Hey I’m no expert on cyanobacteria, but exploring nature, peeping through microscopes, and teaching botany, they crop up.   Having the amazing ability to type words into Google and to read the results makes me a qualified Internet pundit! I self-declare a Ph.D. in cyanobacteriology.

Pundits love to define terms.   Algae and so-called bluegreen “algae” are a point of vocabularial confusion apparently beyond the comprehension of newscasters.   A complicating factor is that “algae” is a tough term to define, more descriptive of a lifestyle than of biological relationship.   A grab bag of simply constructed non-flowering water-dwellers. That is a license to use a term loosely.   Yet there is another way to see it.  Bacteria are more crisply defined.  Bacteria (and Archaea) are profoundly different from all other living things, right down to their basic biochemistry.   For vocabulary lovers they are prokaryotes as opposed to the eukaryotic algae. The bluegreen “algae” are bacteria, cyanobacteria.

algae mat in canal

Cyanobacteria crop up in disparate contexts:

  1. As symbionts, the main “botany classroom” role. Cyanobacteria are “good guys” as the right species in the right roles. Many cycads have “coralloid roots” poking aboveground looking pathological but actually inhabited by beneficial, symbiotic, photosynthetic, nitrogen-fixing cyanobacteria.   (Nitrogen-fixers convert atmospheric nitrogen to “fertilizer.”)  If you bust apart the floating fern Azolla…lots in South Florida…it has cyanobacteria folded into its leaves, making it a rice paddy fertilizer.  Cyanobacteria can inhabit the traps of carnivorous bladderworts and turn up inside hollow-water-holding cells in sphagnum moss.   The “alga” in some (cyano)lichens can be a cyanobacterium.
  2. Nitrogen-fixing cyanobacteria living freely, or perhaps not completely free, in the dirt and in hydric soils bring nitrogen to the earth.   During wet weather, great green globs of cyanobacteria jelly rise into prominence on the soil surface.
  3. On wet surfaces. Sometimes before I powerwash the patio, it is interesting to scrape the stains and see under the microscope who it is:   fungus?  green alga?  cyanobacteria?   Often the last-mentioned looking like dark pain on concrete and stones.
  4. In canals, lakes, and rivers. Summer in Florida, and “algae” in the news again! True algae, cyanobacteria, aquatic weeds, associated microbes and creatures, red tides, and dead zones are all part of the evil syndrome relating to our over-fertilized, over-nutrient-enriched, over-hyped Florida active adult lifestyle.   We’re a wet state, not that these problems are unique to Florida, and natural aquatic systems did not evolve dealing with all the nitrogen, phosphorus, and other nutrients humanity puts in the water.   Natural ecosystems evolved in a balance with “normal” nutrient levels, and when the levels skyrocket, some lifeforms suffer, while others benefit to the point of trouble.

 

Nostoc far

Rising from the wet earth

 

Nostoc microscope

Same as above, microscope view.

A windowsill experiment to see this is to put pondwater in four soda bottles.  In one bottle put no fertilizer,  and then increasing amounts in all the others.  One drop in one, two drops in the next, and so forth.   Wait a month.  A harmful algal bloom right before your eyes!

eutrophication - Copy

How many sources of nutrient enrichment can you think of?  Organic decay, sewage, septic systems,  manure,  biosolids,  fertilizers.  Twenty-some million Floridians and tourists generate oodles of sewage.  Treatment does not remove all the nutrients, even passage through artificial wetlands.    One way to shed nutrient-loaded sewage treatment water is as reclaimed irrigation water,  inviting turf and ornamentals to take up the nutrients,  and those nutrients are back into the ecosystem.

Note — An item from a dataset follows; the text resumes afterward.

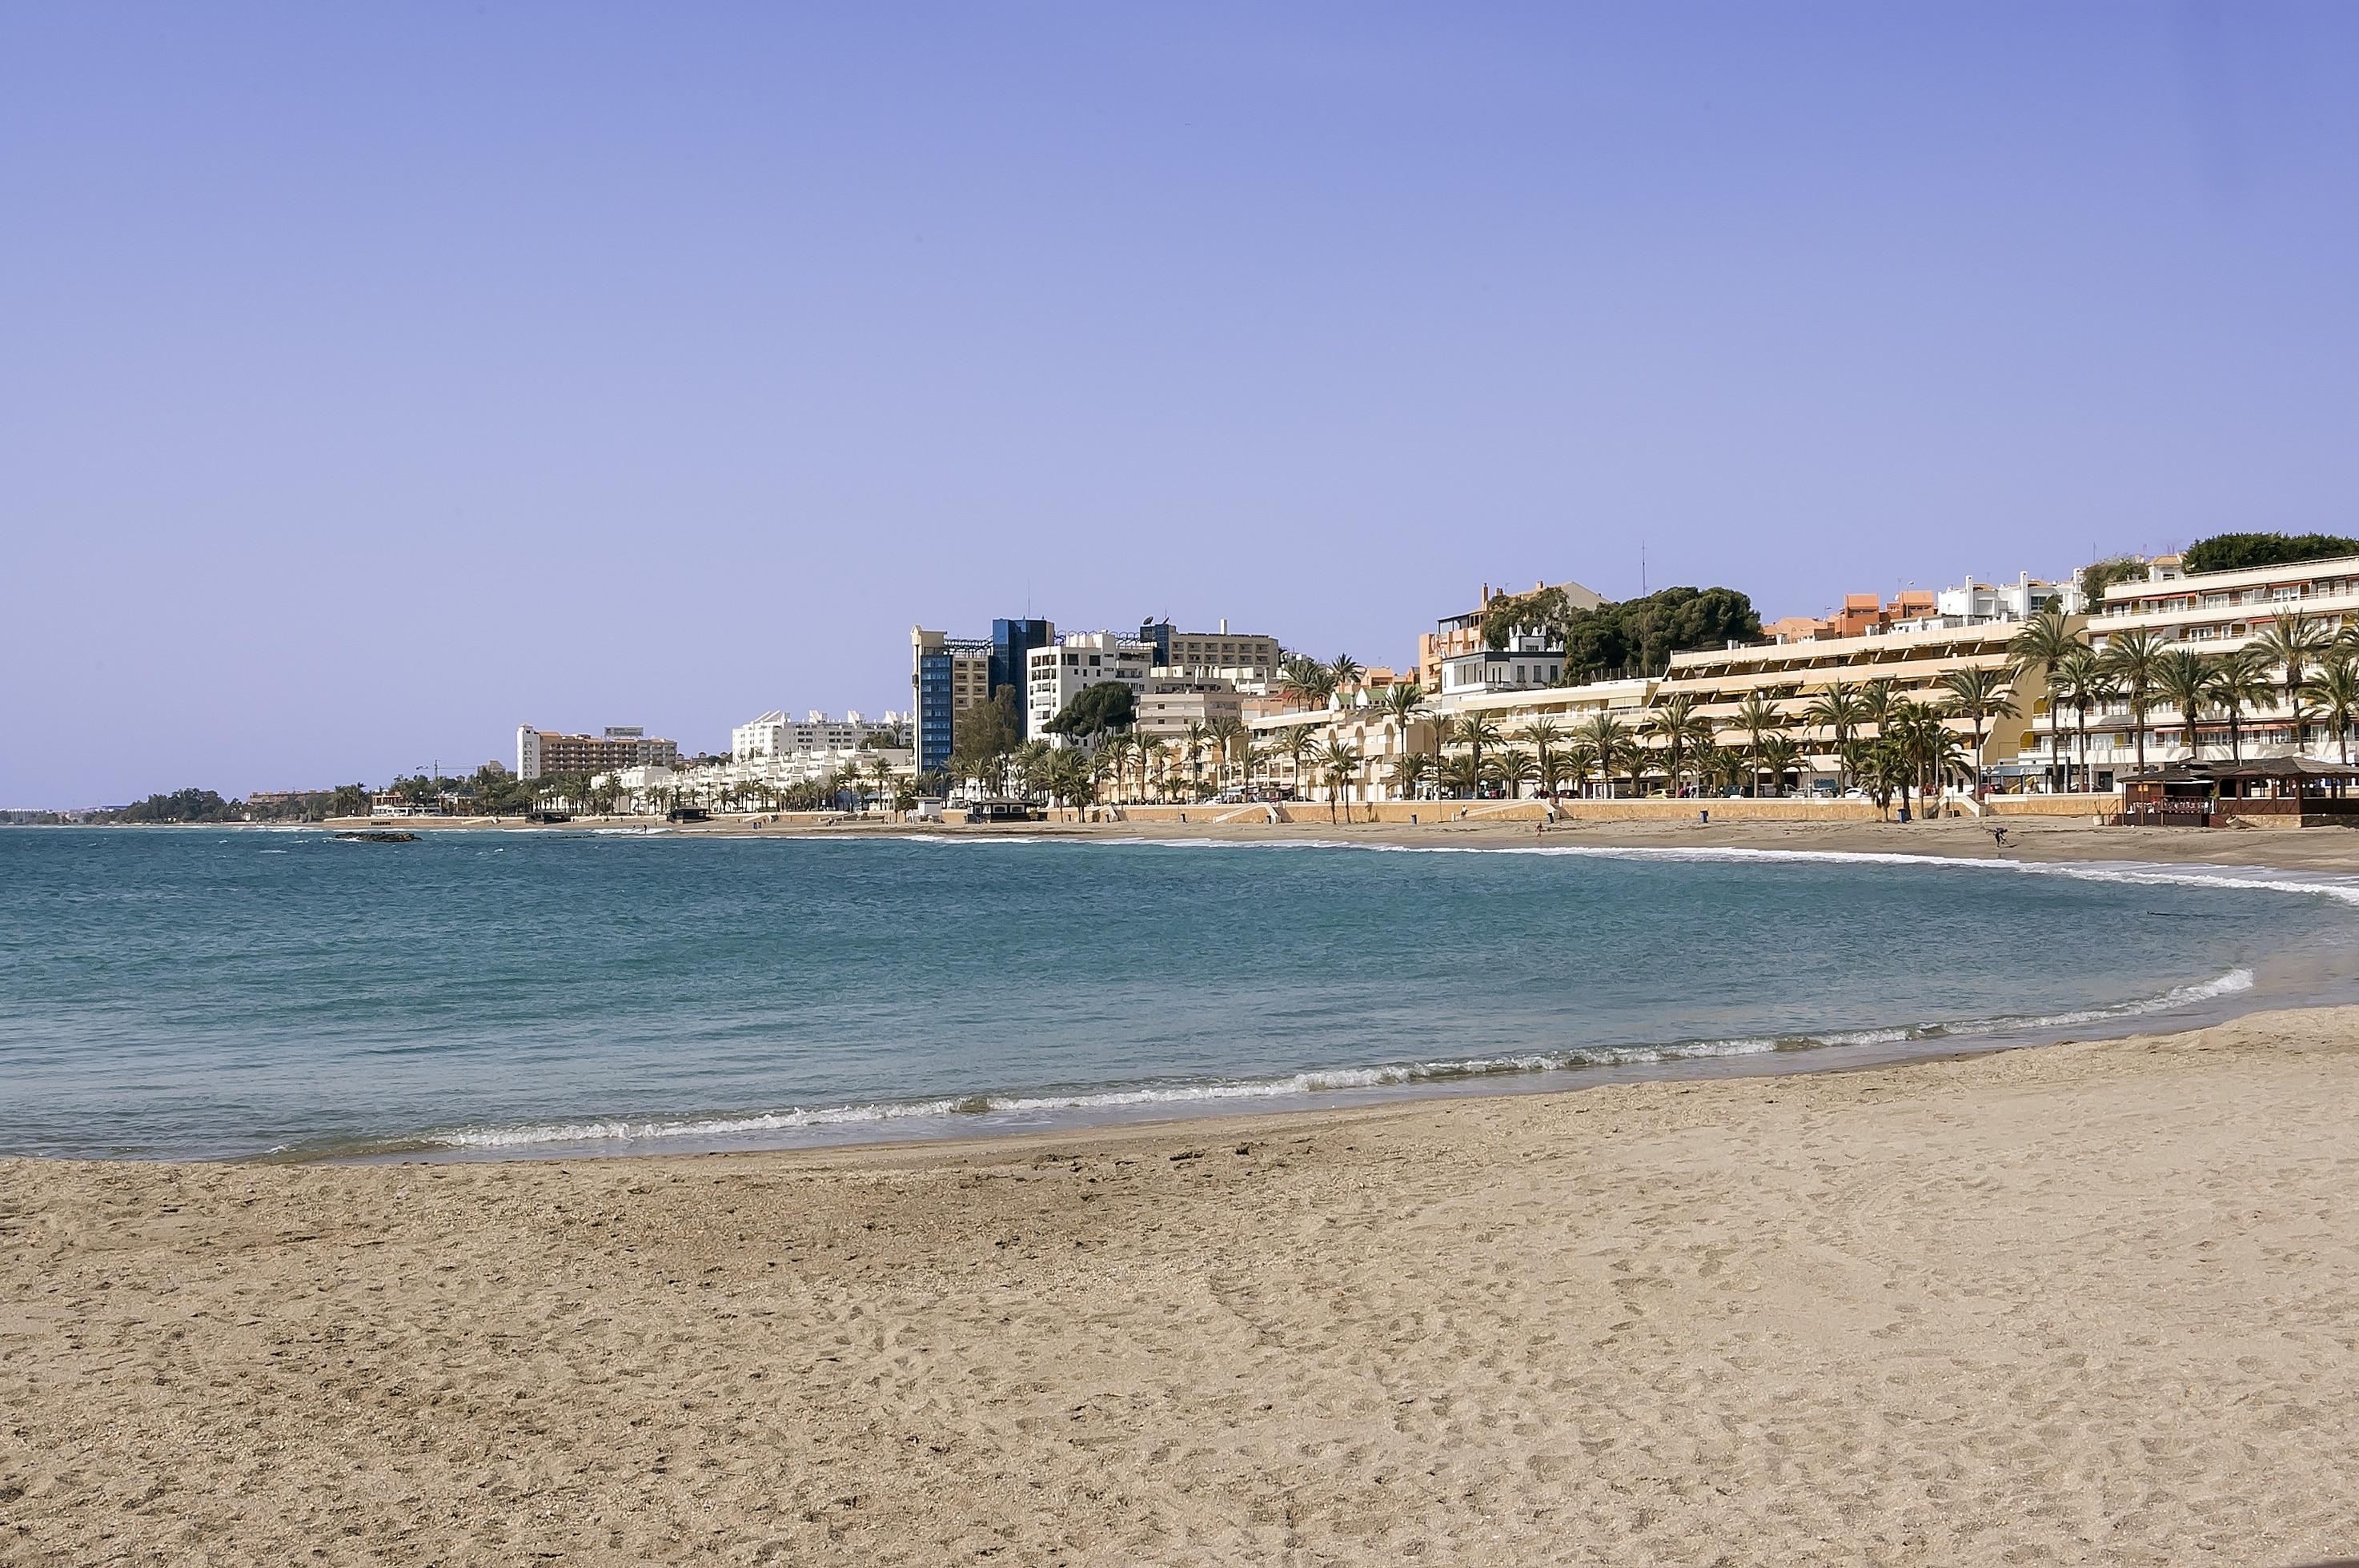 Aguadulce, Roquetas de Mar, Andalusia, Spain

Agriculture comes up in the news about the polluted Lake Okeechobee system:  manure, fertilizers, backpumping.   And then there are biosolids, treated sewage sludge spread onto the earth.

As anyone who watches the news would know, releasing nutrient-enriched waters from Lake Okeechobee  causes unwanted aquatic life where the water goes: unnatural weed infestations in the Everglades and harmful algal/cyanobacterial blooms along the rivers draining the lake, extending into the sea.  That unwanted growth, especially the cyanobacteria “algae,” make dangerous toxins.

There are plenty of targets for the finger of blame, and authorities from whom to demand action.   No need to repeat the usual list of suspects.  I would not want to be any of them, because cures are not obvious, nor without downsides, and as Pogo croaks from the polluted swamp, the enemy is us.  Florida was never meant to host a gazillion people.

concrete by wall

Many stains on rocks and concrete are cyanobacteria.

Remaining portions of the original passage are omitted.